In fact, clawbacks are more and more frequently observed in Switzerland with 29% of listed companies having clawbacks in 2021 vs. 22% in 2019. Notably, larger companies are at the forefront in this regard – potentially also because they are in the spotlight and under public scrutiny when it comes to governance best practices. For example, around 80% of the SMI companies have this mechanism in place. In contrast, there are fewer medium and smaller companies which include clawbacks, but with a strong positive trend between 2019 and 2021 (SMIM: from 44% to 63%; SPI Mid: from 15% to 23%; SPI Small: from 8% to 13%).

Typically, clawbacks are foreseen for executives and majorly apply either to their entire variable compensation (51% of clawbacks), or solely to the long-term variable elements (44% of clawbacks). They usually enable the Board of Directors to reclaim the relevant compensation elements for up to three years if certain trigger events occur, such as severe misconduct (61% of clawbacks), illegal activities (54% of clawbacks) or in case of financial restatements (49% of clawbacks).

Despite the focus and scrutiny by proxy advisors, some investors and the public, there are very few publicly known cases where a clawback was actually enforced in Switzerland. This can lead to the question: Are clawbacks an effective tool to achieve the goals regarding accountability and risk alignment mentioned above? Or is it like riding a toothless tiger?

Precedence in Switzerland

A Federal court decision from 2015 has provided some precedence for clawbacks.

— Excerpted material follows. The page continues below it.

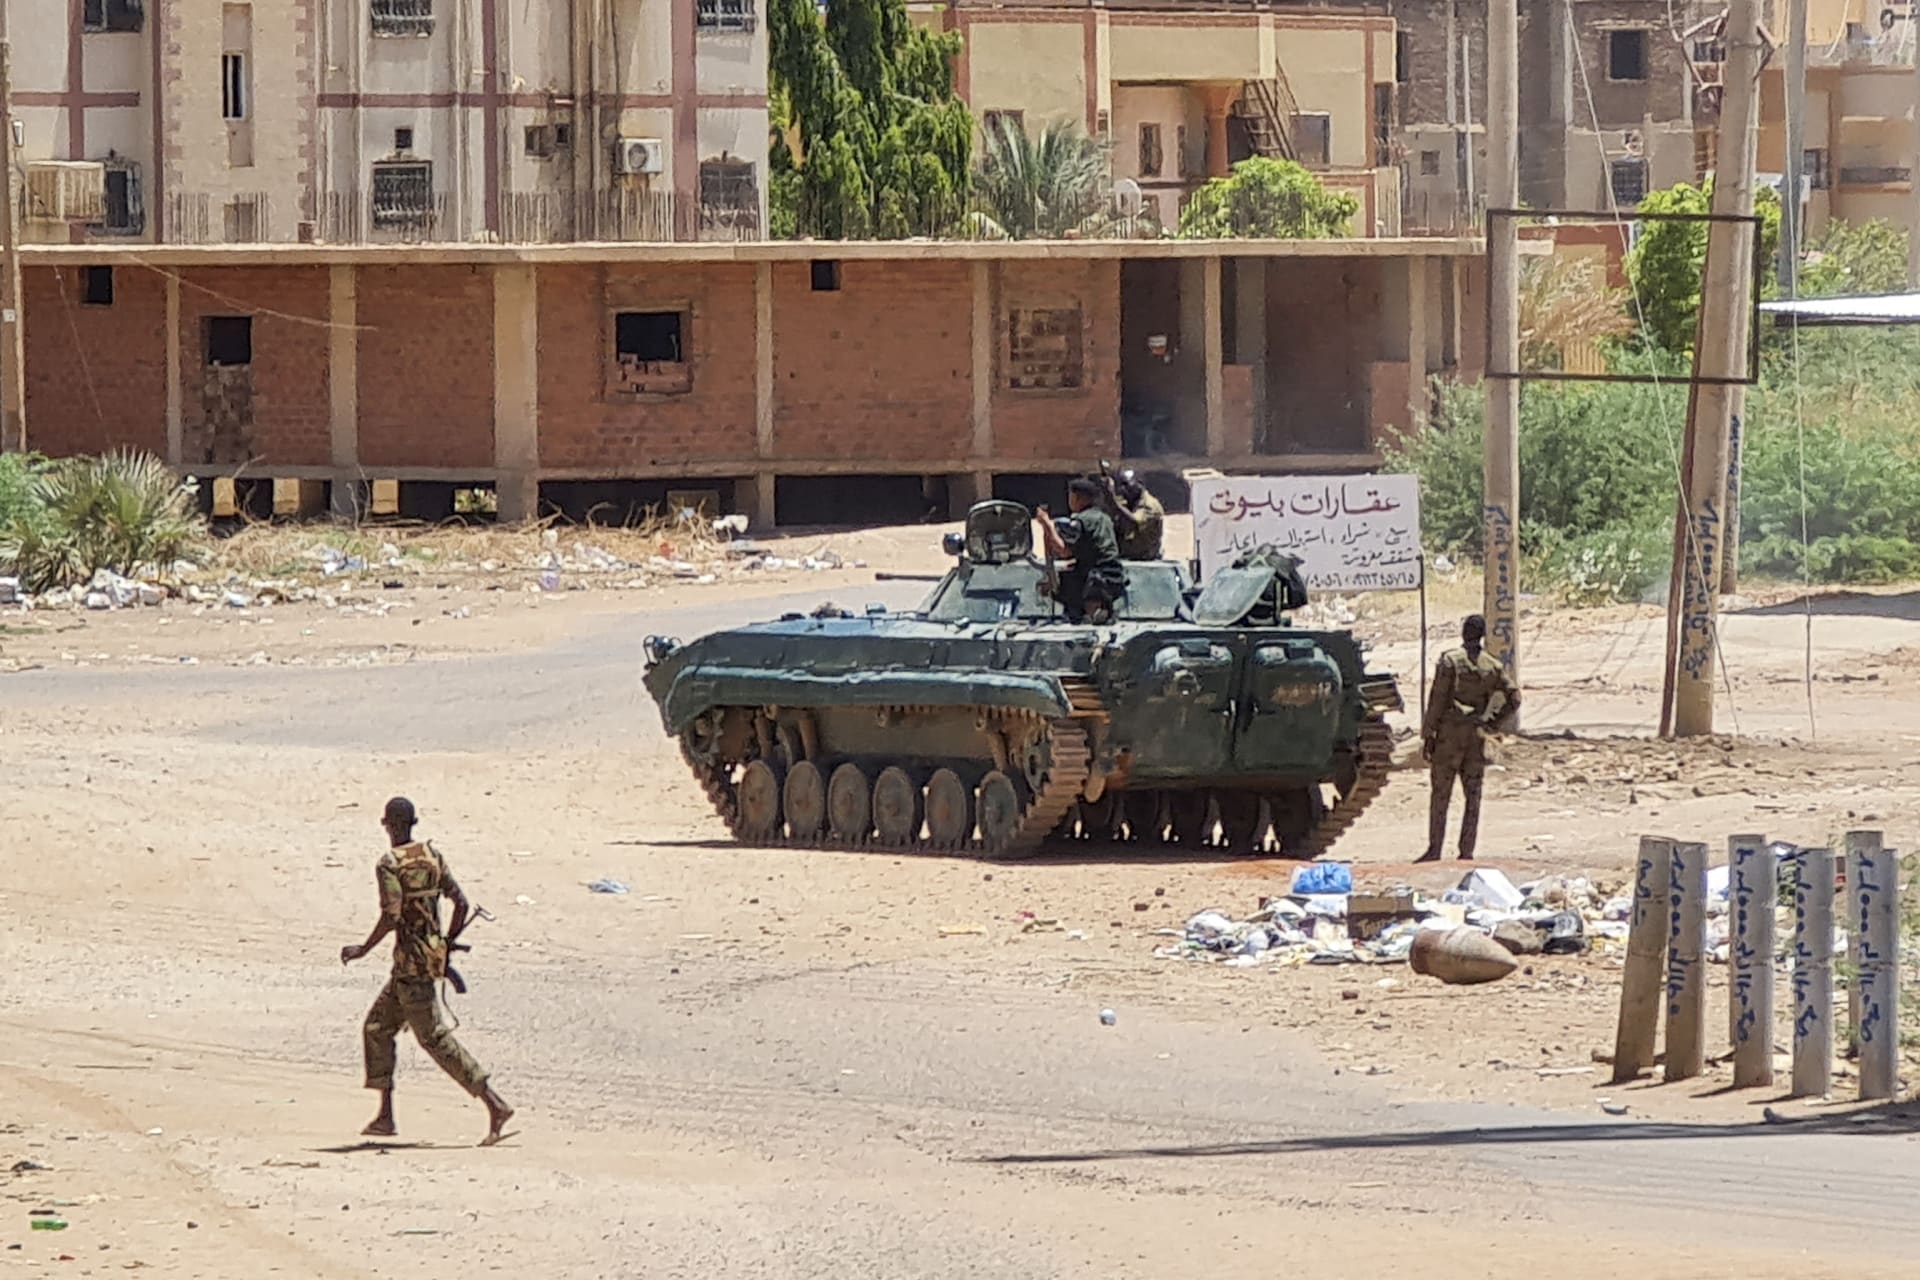 الحكومة السودانية تعرض العفو عن قوات "الدعم السريع" إذا تخلت عن سلاحها
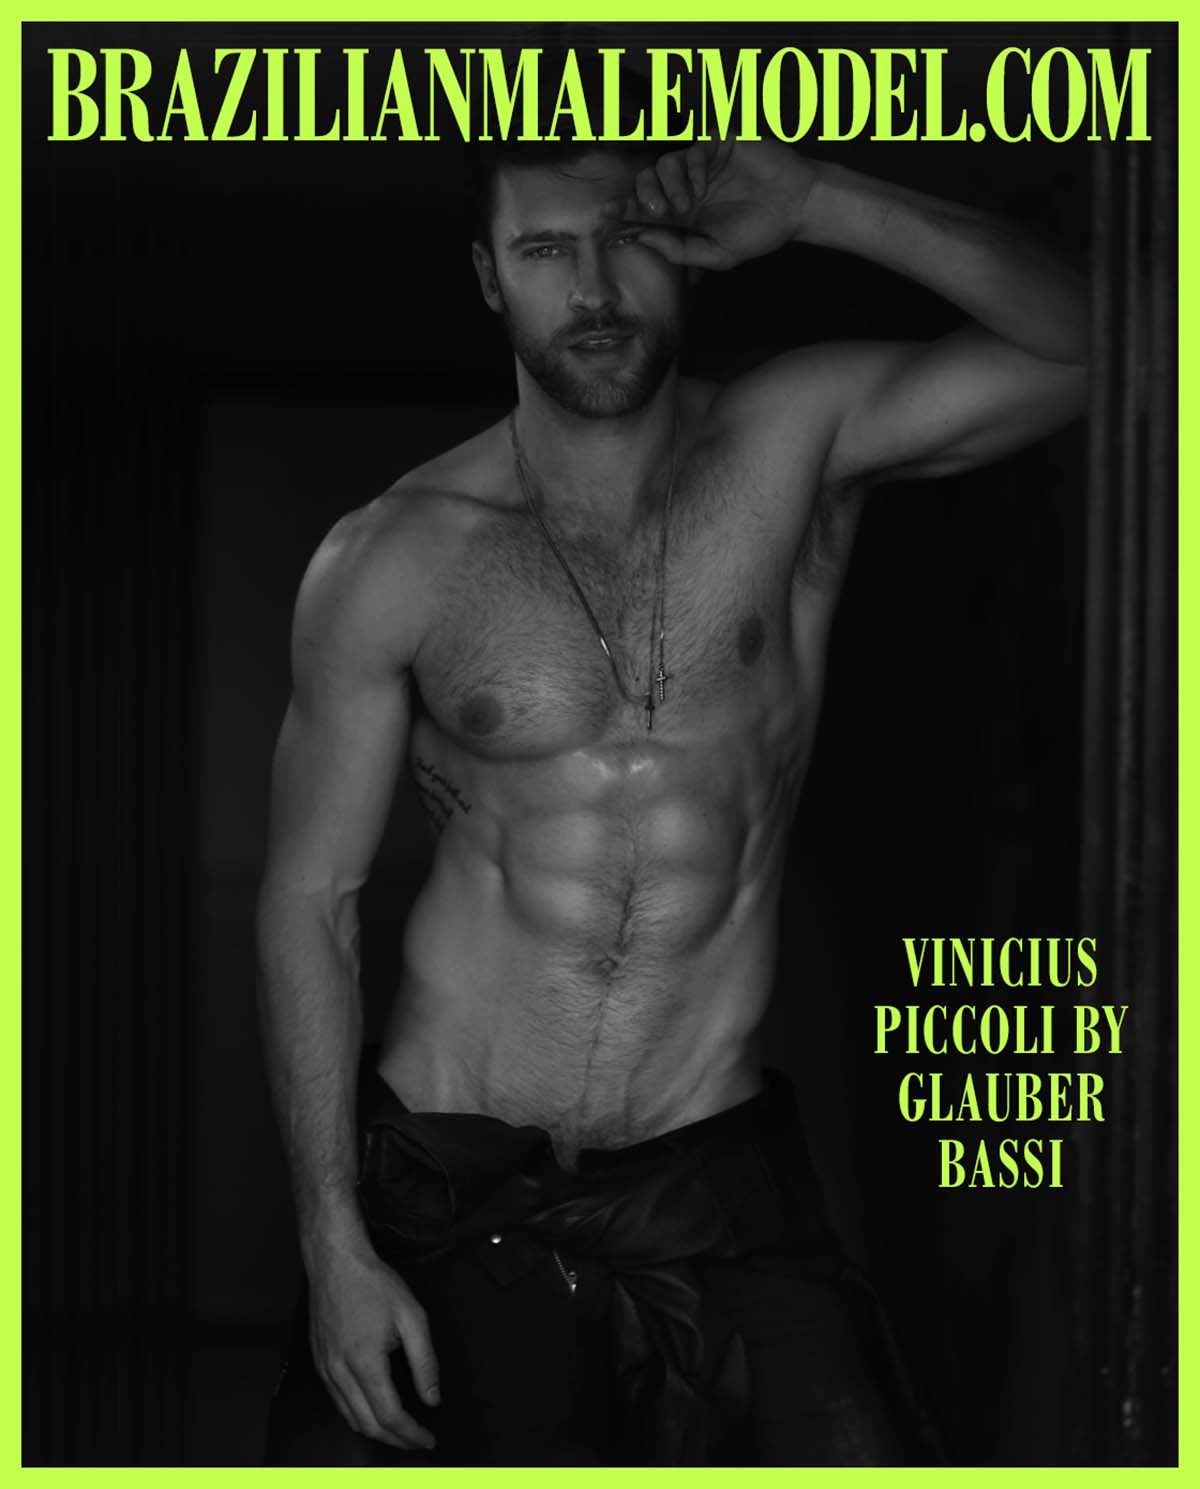 Vinicius Piccoli by Glauber Bassi

The main question to assess whether an award would be considered recoupable from a legal perspective is:
• Is the award considered a gratification, i.e., a discretionary element and not a variable compensation element?

This differentiation has actually been a challenge for labor law experts for a while, but the precedent case also offers some guidelines in this regard, along the following questions:
• How relevant is the variable part in the individual’s overall compensation package on a relative basis and, specifically, does it exceed five times the median Swiss salary?

Depending on these conditions, a potential clawback is enforceable – given the pre-determined trigger conditions occurred.